[Start of Attachment]

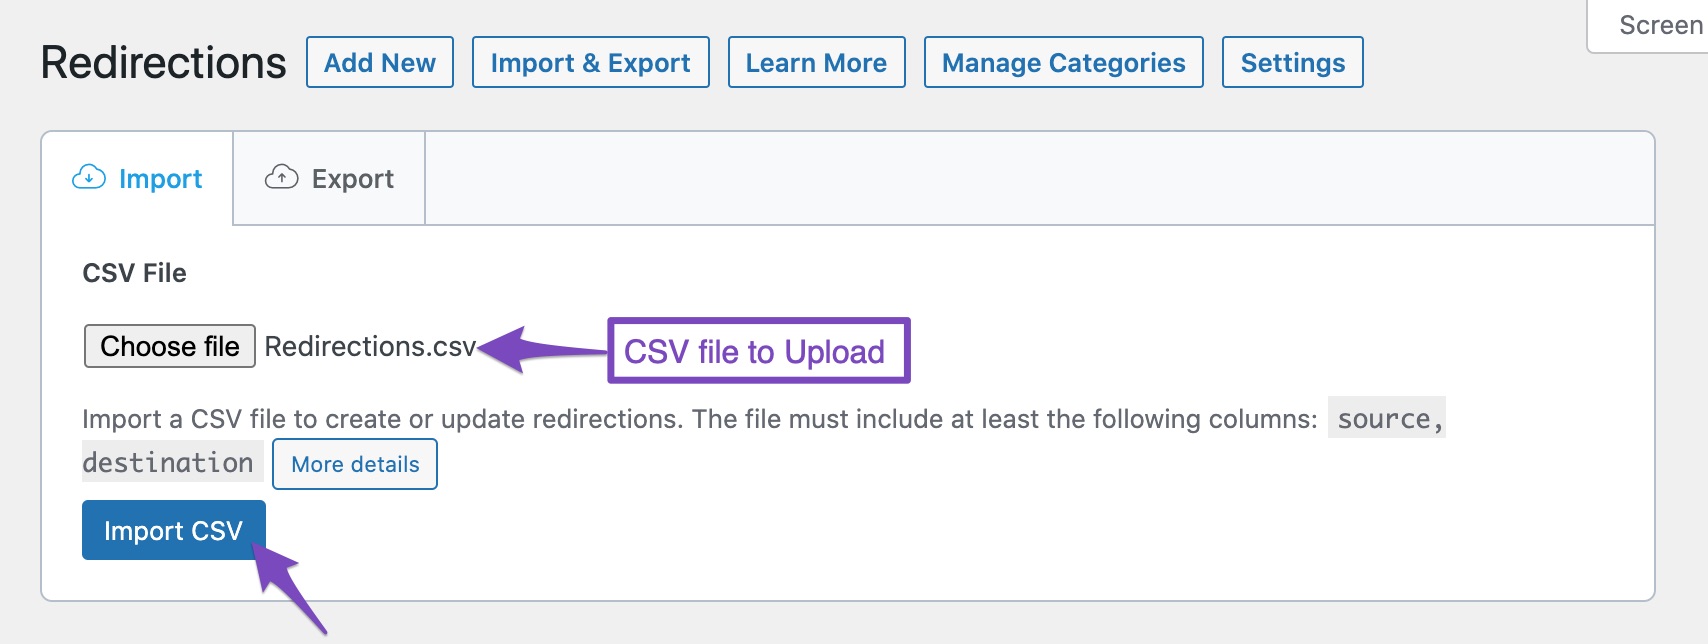 Importing CSV to create Redirections
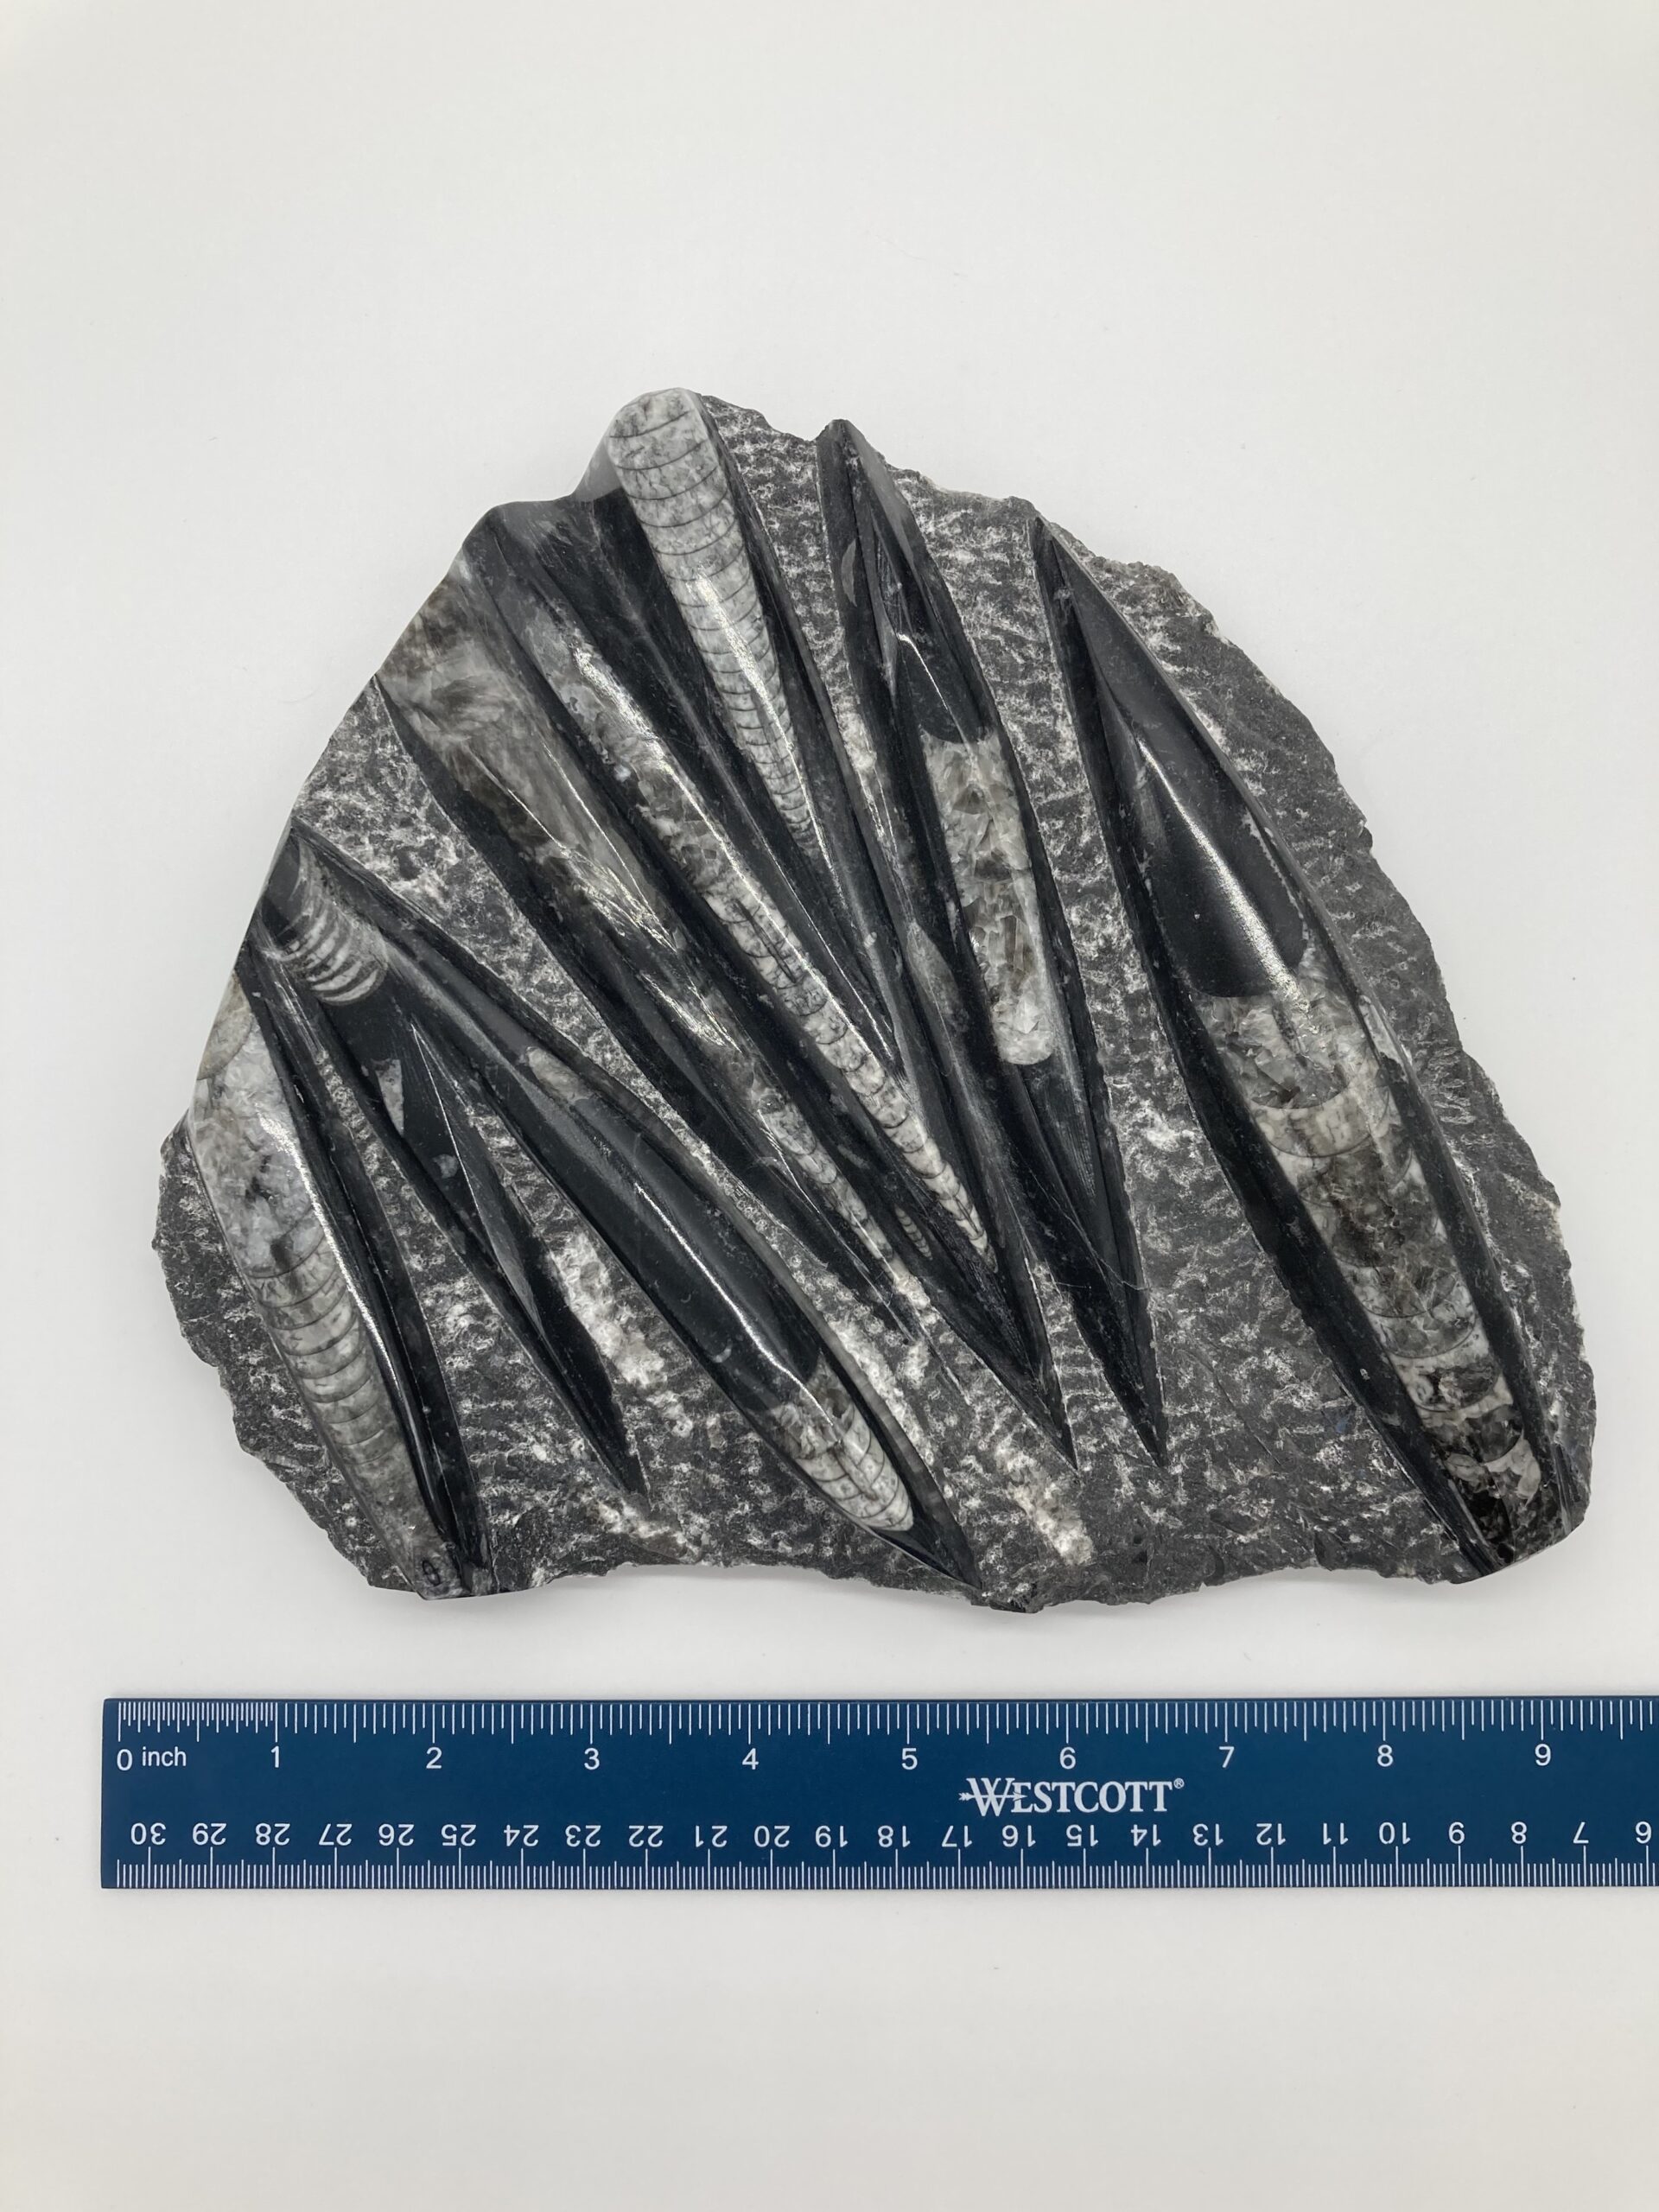 Orthoceras fossil rock front
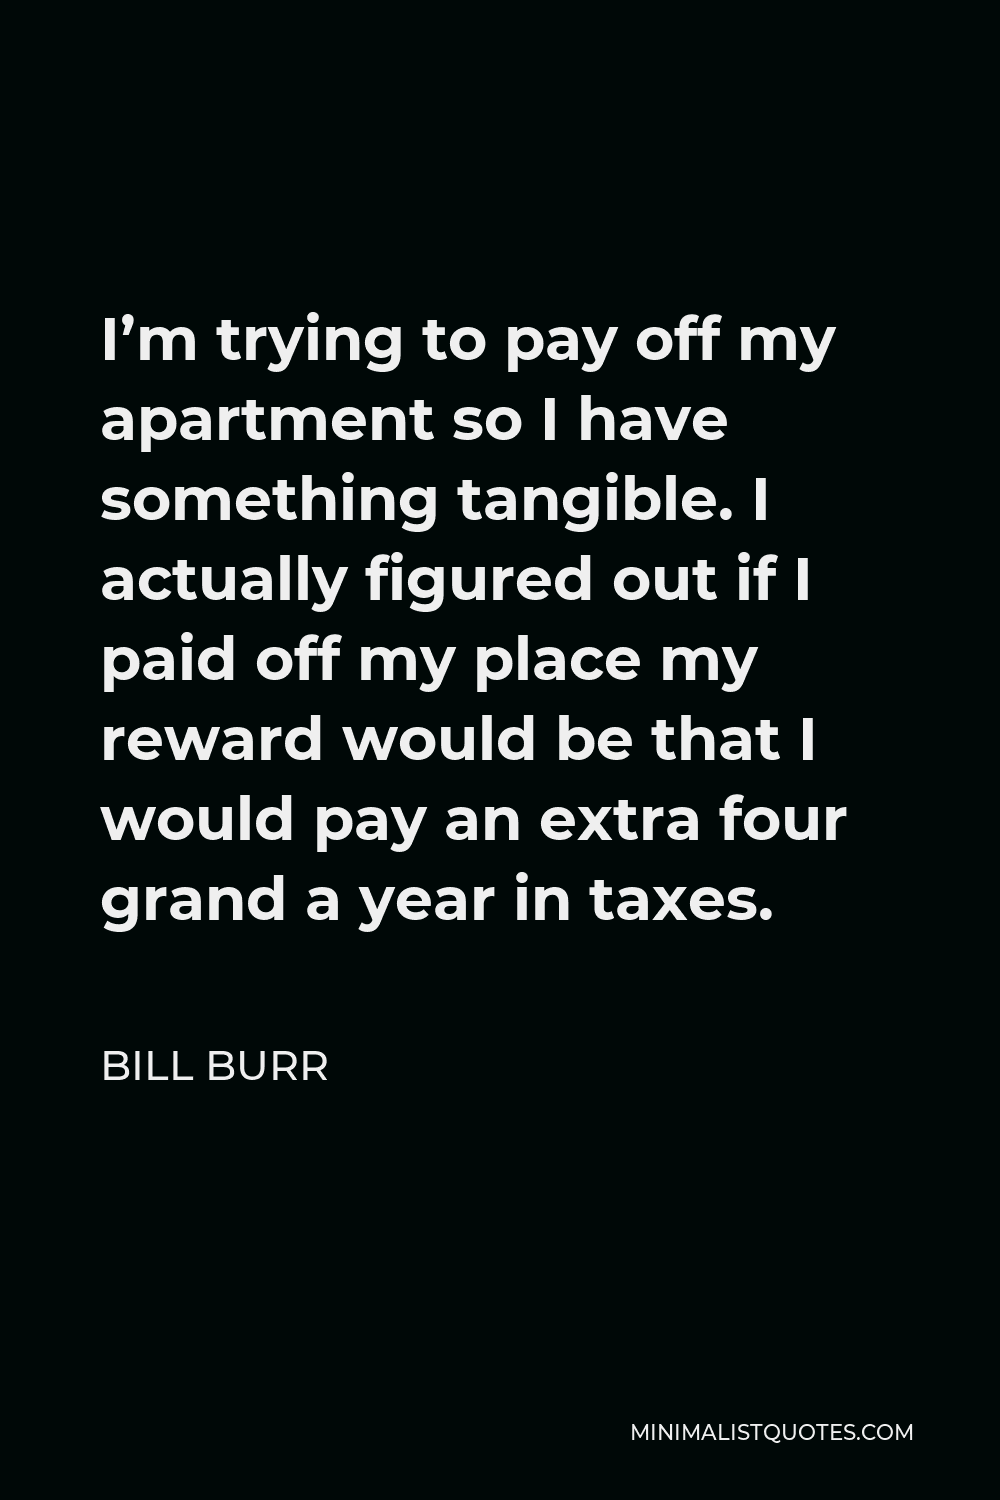 Bill Burr Quote - I’m trying to pay off my apartment so I have something tangible. I actually figured out if I paid off my place my reward would be that I would pay an extra four grand a year in taxes.

[End of Attachment]

→ **Problem requirements**: Restate the material word for word, minus pictures.

→ **Exercise solution**:
 Importing CSV to create Redirections
 Orthoceras fossil rock front
 Bill Burr Quote - I’m trying to pay off my apartment so I have something tangible. I actually figured out if I paid off my place my reward would be that I would pay an extra four grand a year in taxes.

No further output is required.